Wer wirklich eine Energiewende erreichen will, muss eine Kurskorrektur bei der Energieforschung vornehmen. Dies umso mehr, da nach dem krisenbedingten Rückgang der Energienachfrage und der Treibhausgasemissionen im Jahr 2009 die Internationale Energieagentur schätzt, dass die energiebedingten Treibhausgasemissionen im Jahr 2010 ein Allzeithoch erreicht haben. In seinem aktuellen Global Energy Review berichtet der Ölkonzern BP, dass China die USA inzwischen als größten Energieverbraucher abgelöst hat. Allein 2010 führte das Wirtschaftswachstum Chinas zu einem elfprozentigen Anstieg des Energiebedarfs.
Vor dem Hintergrund dieser aktuellen Trends ergeben sich große Wettbewerbsvorteile für die Exportnation Deutschland. Während im Zuge der Finanzkrise fast alle Industriezweige Rückgänge zu verzeichnen hatten, war das Wachstum bei den erneuerbaren Energien 2009 ungebrochen. Rund 19 Prozent des globalen Primärenergieverbrauchs wird inzwischen durch erneuerbare Energien abgedeckt. Seit 2008 werden in Europa und den USA mehr Erneuerbare-Energien-Kapazitäten installiert als konventionelle Energieerzeugung.
Mit dem 6. Energieforschungsprogramm hat die Bundesregierung jetzt die Chance, durch eine Korrektur ihrer bisherigen Forschungsschwerpunkte Deutschland zum internationalen Innovations-Champion bei der Steigerung der Energieeffizienz sowie beim Ausbau der erneuerbaren Energien und der Stromnetze zu machen.
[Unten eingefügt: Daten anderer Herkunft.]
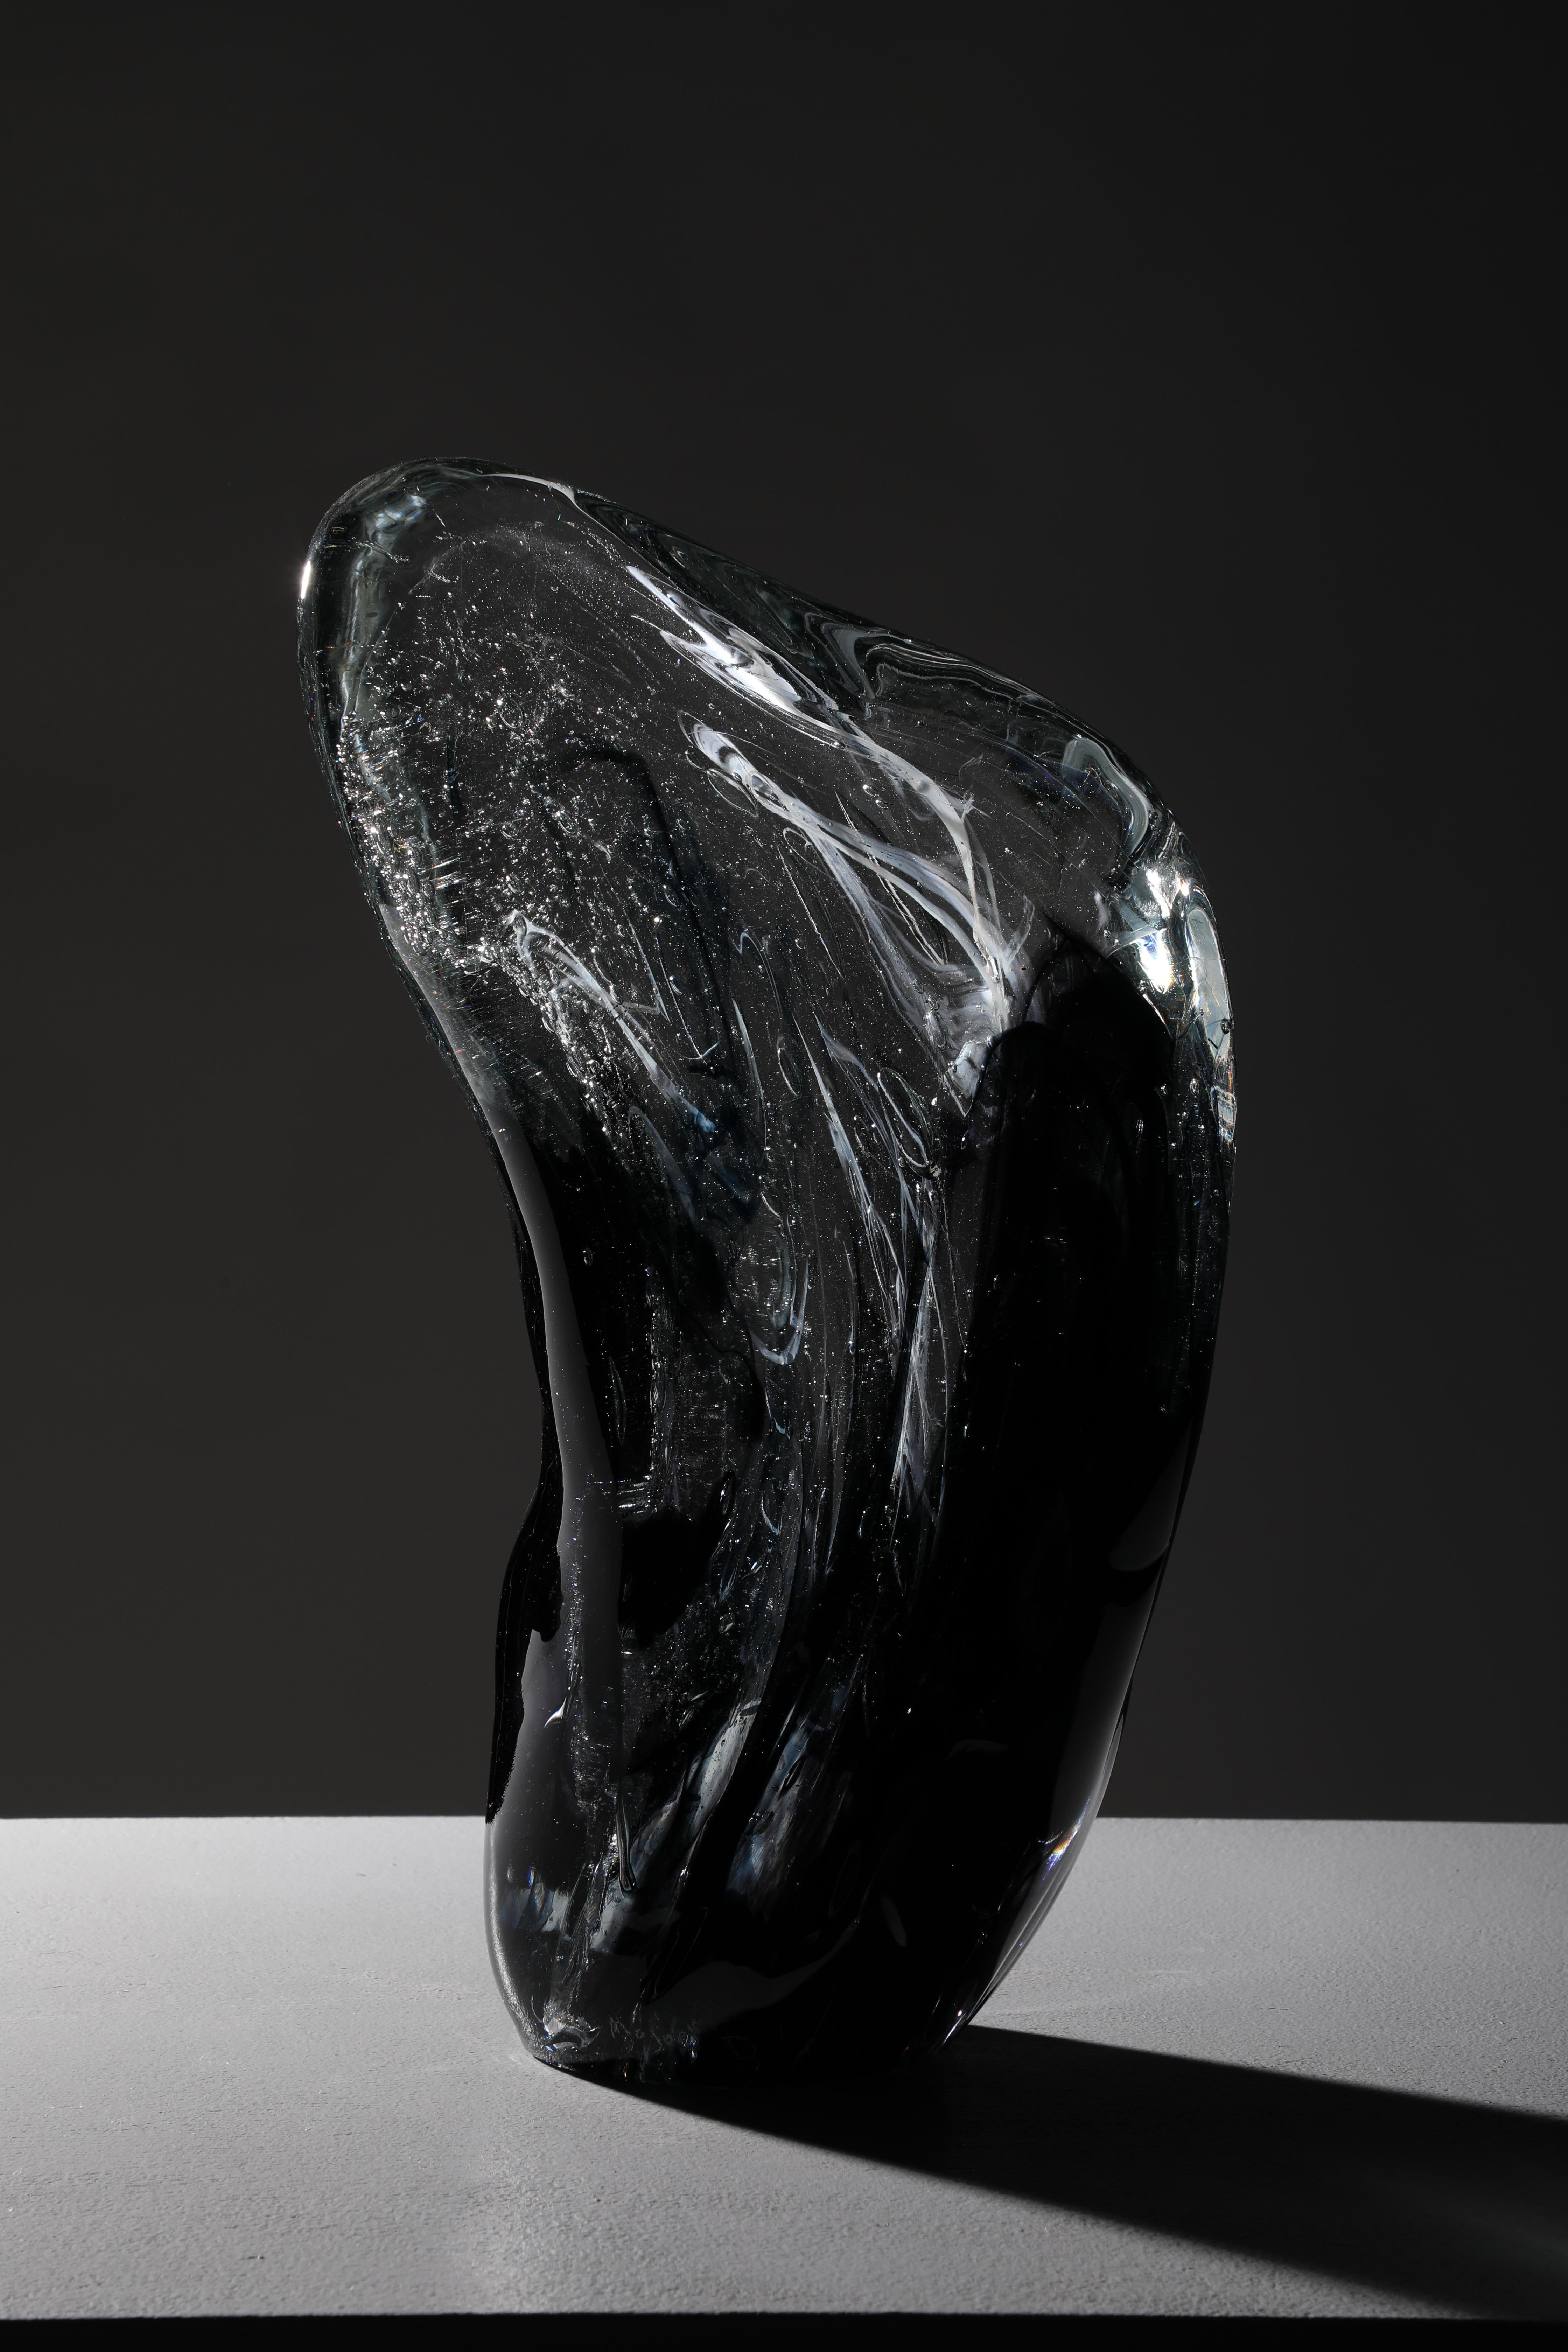 'Alcor' is a contemporary abstract cast glass sculpture by David Ruth from his Internal Space series. It is made by heating the glass and then hand working it into form. The main colors of black and dark blue contrasts the clear and white glass
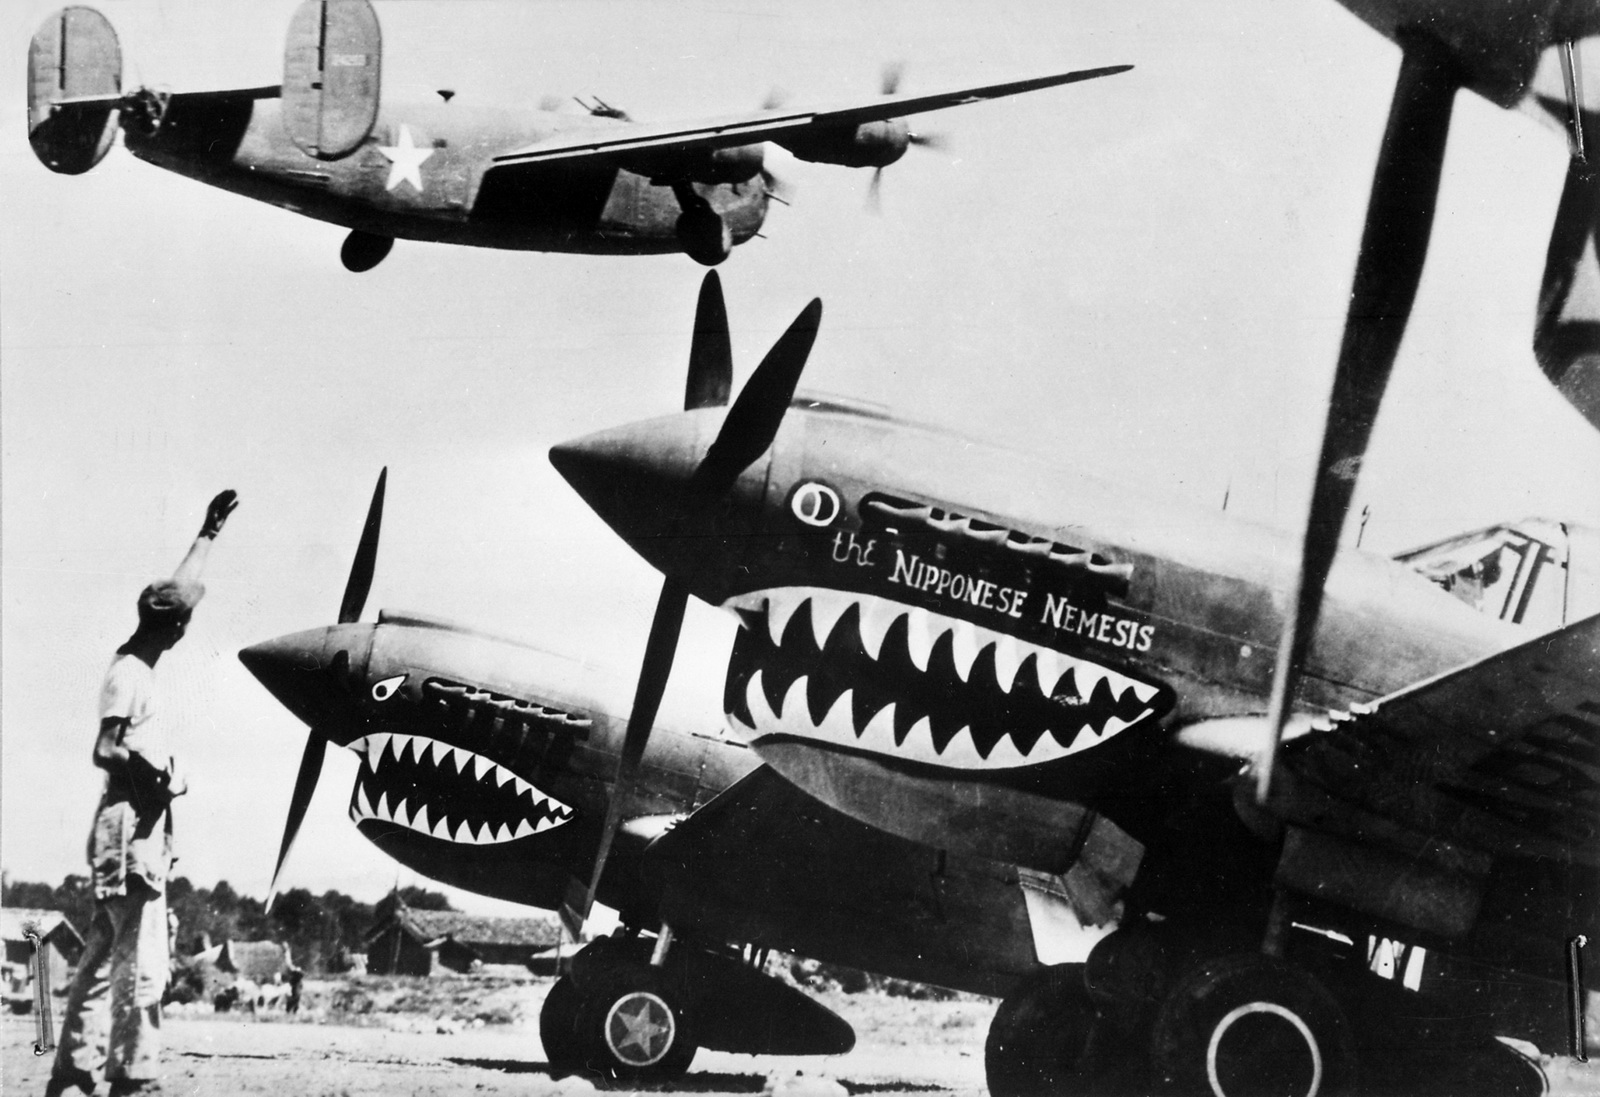 Copy+of+Landing+wheels+recede+as+this+U.S.+Army+Air+Forces+Liberator+bomber+crosses+the+shark-nosed+bows+of+U.S.+P-40+fighter+planes.jpg

Wer argumentiert – wie die Bundeskanzlerin in ihrer Regierungserklärung letzte Woche –, dass die Neubewertung der Risiken der Atomkraft im Lichte der Ereignisse von Fukushima einen Ausstieg aus der Kernenergie notwendig macht, der muss in einem weiteren Schritt den Fokus der Energieforschung auf Energieeffizienz, erneuerbare Energien, Energiespeicher und Übertragungsnetze richten.
Matthias Ruchser arbeitet als Berater in der Energiewirtschaft und ist Leiter der Stabsstelle Kommunikation des Deutschen Instituts für Entwicklungspolitik.